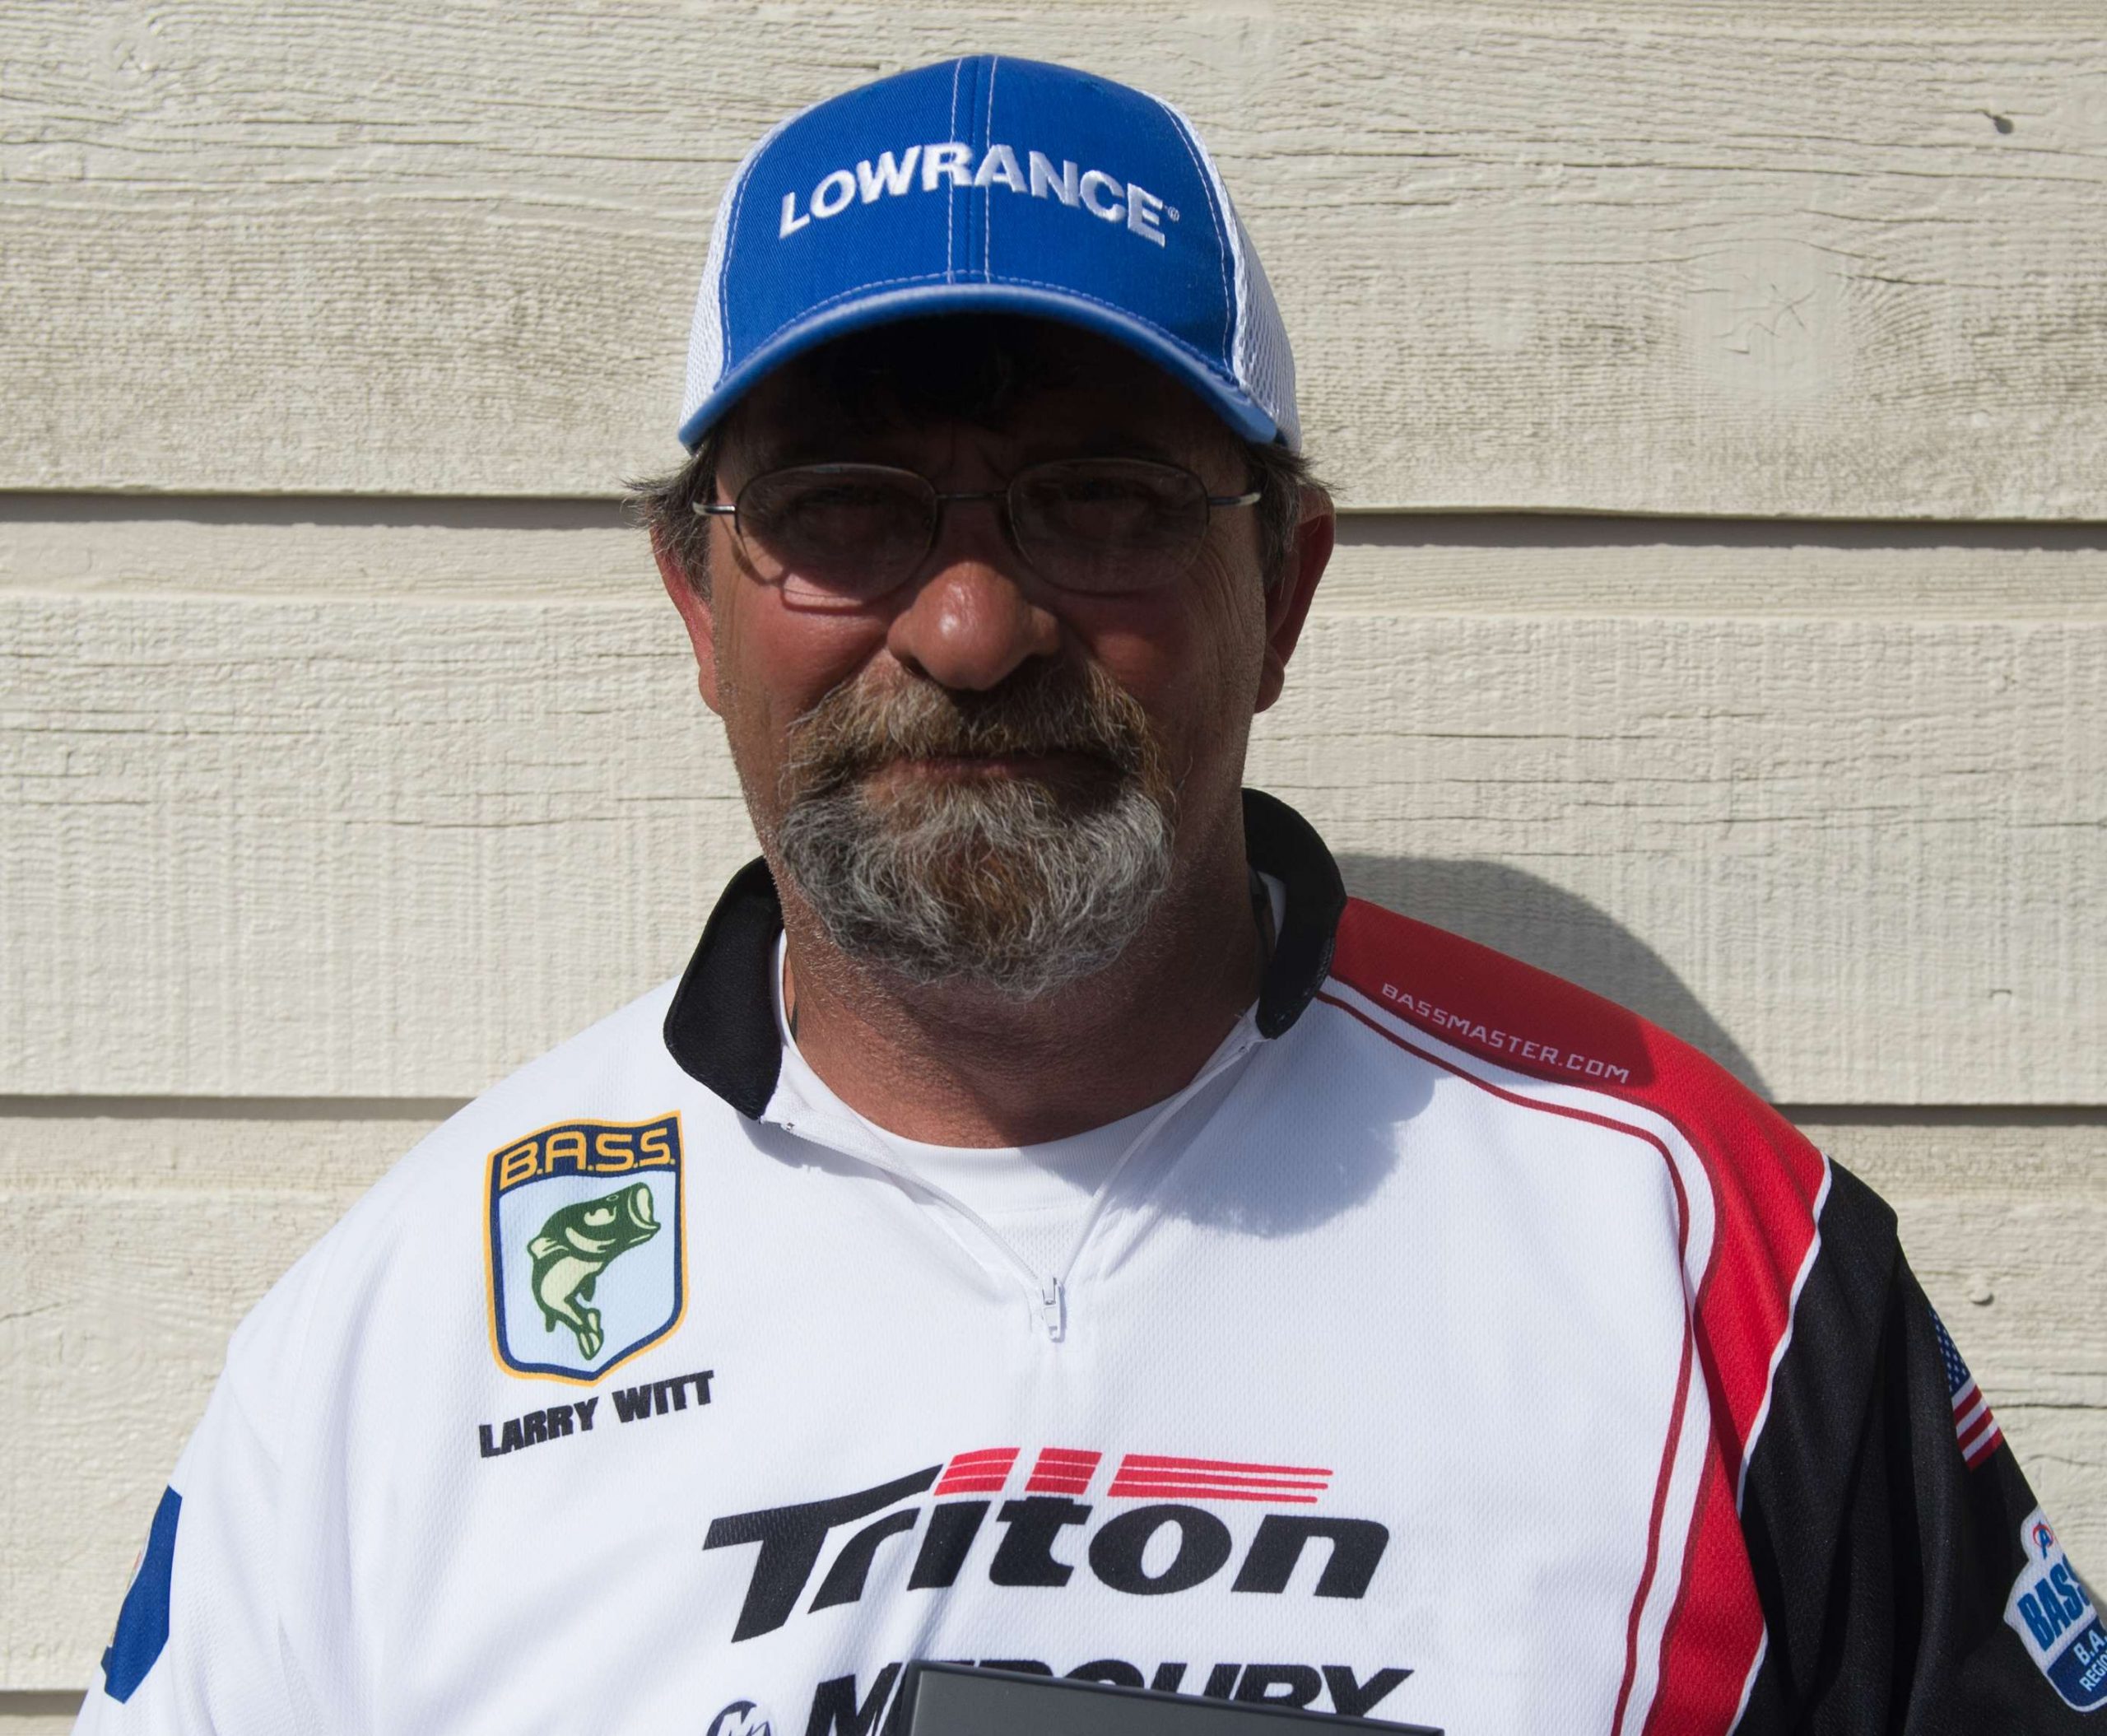 Larry Witt <br>
Virginia Nonboater <br>
Larry Witt likes seeing fish up close, and not just on the end of his line. When heâs not bass fishing, you can probably catch him scuba diving. Heâs a member of Virginiaâs Backyard Bassmasters, and heâs sponsored by Pro Choice Sporting Goods. 
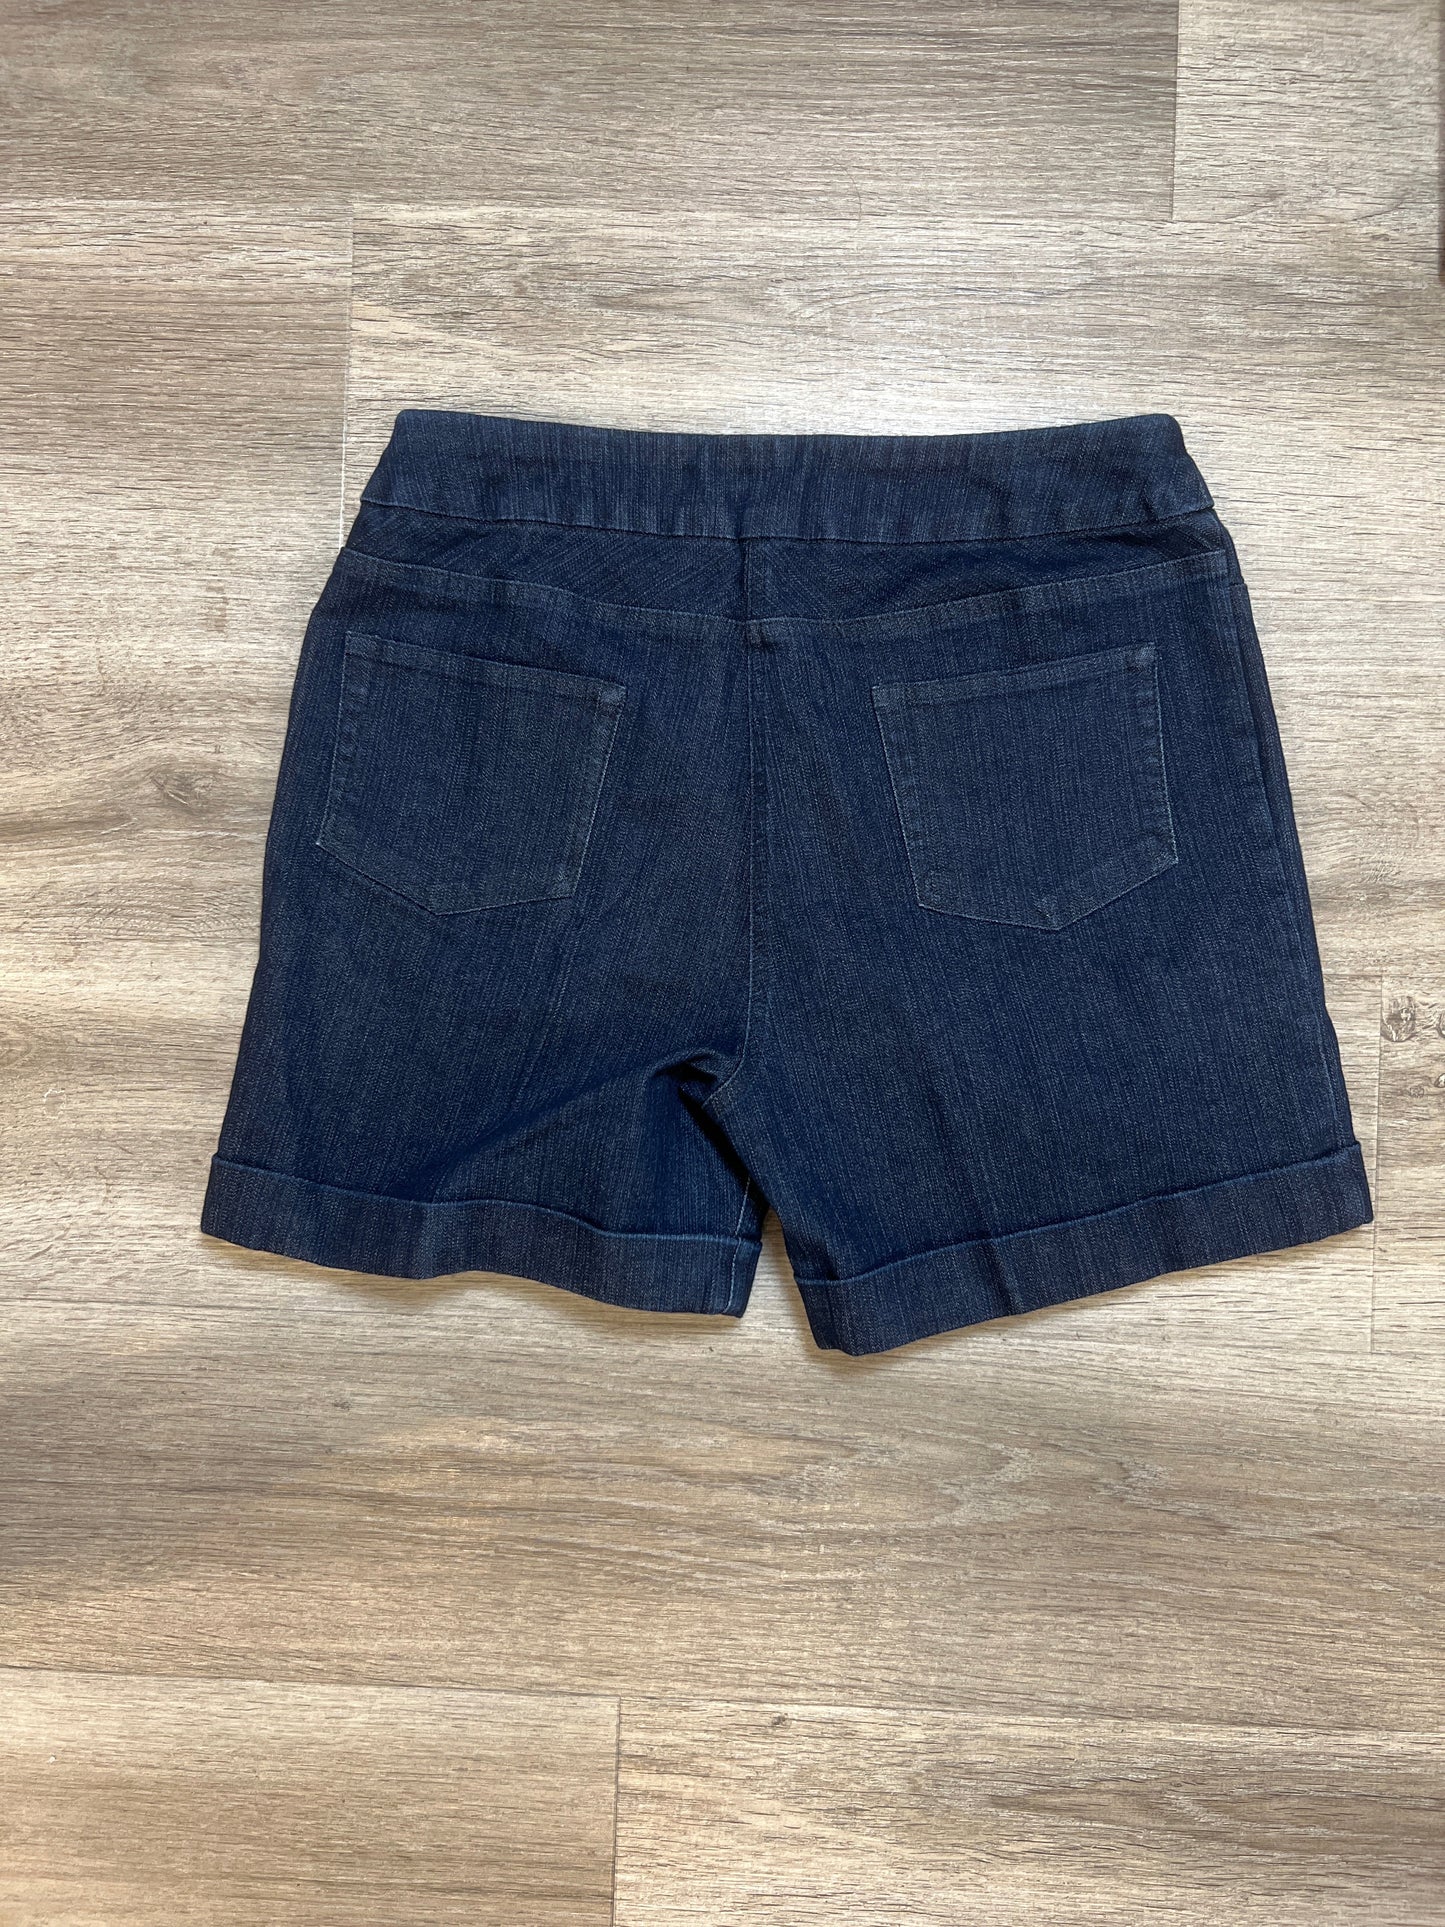 Shorts By Soft Surroundings  Size: S

| Brief |
Give back the data exactly. Skip any images.

| Answer space |
 Larry Witt <br>
Virginia Nonboater <br>
Larry Witt likes seeing fish up close, and not just on the end of his line. When heâs not bass fishing, you can probably catch him scuba diving. Heâs a member of Virginiaâs Backyard Bassmasters, and heâs sponsored by Pro Choice Sporting Goods. 
 Shorts By Soft Surroundings  Size: S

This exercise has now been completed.